──────── DATA SHOWN

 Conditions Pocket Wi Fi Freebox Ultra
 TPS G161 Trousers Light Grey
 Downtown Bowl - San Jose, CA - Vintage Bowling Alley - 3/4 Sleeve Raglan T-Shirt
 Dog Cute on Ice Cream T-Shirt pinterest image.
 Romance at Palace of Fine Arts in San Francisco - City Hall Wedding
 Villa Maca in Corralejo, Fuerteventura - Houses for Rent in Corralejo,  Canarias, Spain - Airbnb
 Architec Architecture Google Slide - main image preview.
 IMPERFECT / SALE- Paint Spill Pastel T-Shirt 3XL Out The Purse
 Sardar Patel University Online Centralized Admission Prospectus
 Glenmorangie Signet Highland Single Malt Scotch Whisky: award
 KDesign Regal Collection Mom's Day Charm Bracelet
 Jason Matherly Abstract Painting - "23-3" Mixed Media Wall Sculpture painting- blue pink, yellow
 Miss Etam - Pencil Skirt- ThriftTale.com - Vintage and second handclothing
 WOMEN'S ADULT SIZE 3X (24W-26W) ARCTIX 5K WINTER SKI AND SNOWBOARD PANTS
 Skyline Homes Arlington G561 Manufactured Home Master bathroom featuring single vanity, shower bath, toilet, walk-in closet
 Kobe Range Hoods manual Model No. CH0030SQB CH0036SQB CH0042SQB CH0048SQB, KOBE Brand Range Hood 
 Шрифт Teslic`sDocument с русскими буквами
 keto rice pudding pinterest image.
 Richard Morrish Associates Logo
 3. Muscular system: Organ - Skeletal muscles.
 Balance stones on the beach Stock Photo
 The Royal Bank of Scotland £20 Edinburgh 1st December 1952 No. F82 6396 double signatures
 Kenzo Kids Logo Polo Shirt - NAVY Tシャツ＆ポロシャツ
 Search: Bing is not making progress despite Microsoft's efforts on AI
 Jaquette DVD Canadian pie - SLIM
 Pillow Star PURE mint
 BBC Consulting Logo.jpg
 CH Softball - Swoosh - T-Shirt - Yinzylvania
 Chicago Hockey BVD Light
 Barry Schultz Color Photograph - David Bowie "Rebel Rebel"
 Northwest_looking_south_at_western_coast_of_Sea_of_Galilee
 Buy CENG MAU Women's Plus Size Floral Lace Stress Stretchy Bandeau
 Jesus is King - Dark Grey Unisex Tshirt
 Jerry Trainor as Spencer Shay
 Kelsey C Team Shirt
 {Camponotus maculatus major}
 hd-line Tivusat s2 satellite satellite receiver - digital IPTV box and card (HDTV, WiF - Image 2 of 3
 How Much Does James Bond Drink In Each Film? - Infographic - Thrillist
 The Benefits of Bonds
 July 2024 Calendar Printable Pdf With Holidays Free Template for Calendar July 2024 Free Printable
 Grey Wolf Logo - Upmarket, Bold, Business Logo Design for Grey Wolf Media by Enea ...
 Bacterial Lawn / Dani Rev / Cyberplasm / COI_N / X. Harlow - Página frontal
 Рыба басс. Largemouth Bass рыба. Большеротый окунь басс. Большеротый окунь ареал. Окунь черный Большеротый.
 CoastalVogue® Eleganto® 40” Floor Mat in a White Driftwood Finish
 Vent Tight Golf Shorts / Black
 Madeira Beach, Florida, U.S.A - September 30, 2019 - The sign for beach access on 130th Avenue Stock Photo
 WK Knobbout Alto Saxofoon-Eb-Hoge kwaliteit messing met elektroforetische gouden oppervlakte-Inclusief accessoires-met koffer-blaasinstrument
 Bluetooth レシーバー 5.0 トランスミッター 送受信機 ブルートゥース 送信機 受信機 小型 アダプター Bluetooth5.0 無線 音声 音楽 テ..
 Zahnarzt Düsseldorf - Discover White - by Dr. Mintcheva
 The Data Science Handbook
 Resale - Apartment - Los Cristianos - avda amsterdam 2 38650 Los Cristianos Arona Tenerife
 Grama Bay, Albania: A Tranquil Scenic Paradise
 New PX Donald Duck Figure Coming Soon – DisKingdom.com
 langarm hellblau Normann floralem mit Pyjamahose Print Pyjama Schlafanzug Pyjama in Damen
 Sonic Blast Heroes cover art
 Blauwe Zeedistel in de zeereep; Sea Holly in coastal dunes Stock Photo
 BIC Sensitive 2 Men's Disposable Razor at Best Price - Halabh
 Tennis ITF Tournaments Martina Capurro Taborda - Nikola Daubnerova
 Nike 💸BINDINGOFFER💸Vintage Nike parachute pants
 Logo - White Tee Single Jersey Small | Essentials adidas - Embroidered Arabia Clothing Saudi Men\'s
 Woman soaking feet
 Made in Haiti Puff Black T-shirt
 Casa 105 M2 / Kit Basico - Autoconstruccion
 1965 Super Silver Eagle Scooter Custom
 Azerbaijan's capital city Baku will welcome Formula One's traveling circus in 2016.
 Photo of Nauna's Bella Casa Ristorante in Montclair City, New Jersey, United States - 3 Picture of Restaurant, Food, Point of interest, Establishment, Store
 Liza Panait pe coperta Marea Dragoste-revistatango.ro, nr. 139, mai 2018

────────────────

Please output an exact copy of the lines above, from the opening line of the data down to the line that contains "IMPERFECT / SALE- Paint".

 Conditions Pocket Wi Fi Freebox Ultra
 TPS G161 Trousers Light Grey
 Downtown Bowl - San Jose, CA - Vintage Bowling Alley - 3/4 Sleeve Raglan T-Shirt
 Dog Cute on Ice Cream T-Shirt pinterest image.
 Romance at Palace of Fine Arts in San Francisco - City Hall Wedding
 Villa Maca in Corralejo, Fuerteventura - Houses for Rent in Corralejo,  Canarias, Spain - Airbnb
 Architec Architecture Google Slide - main image preview.
 IMPERFECT / SALE- Paint Spill Pastel T-Shirt 3XL Out The Purse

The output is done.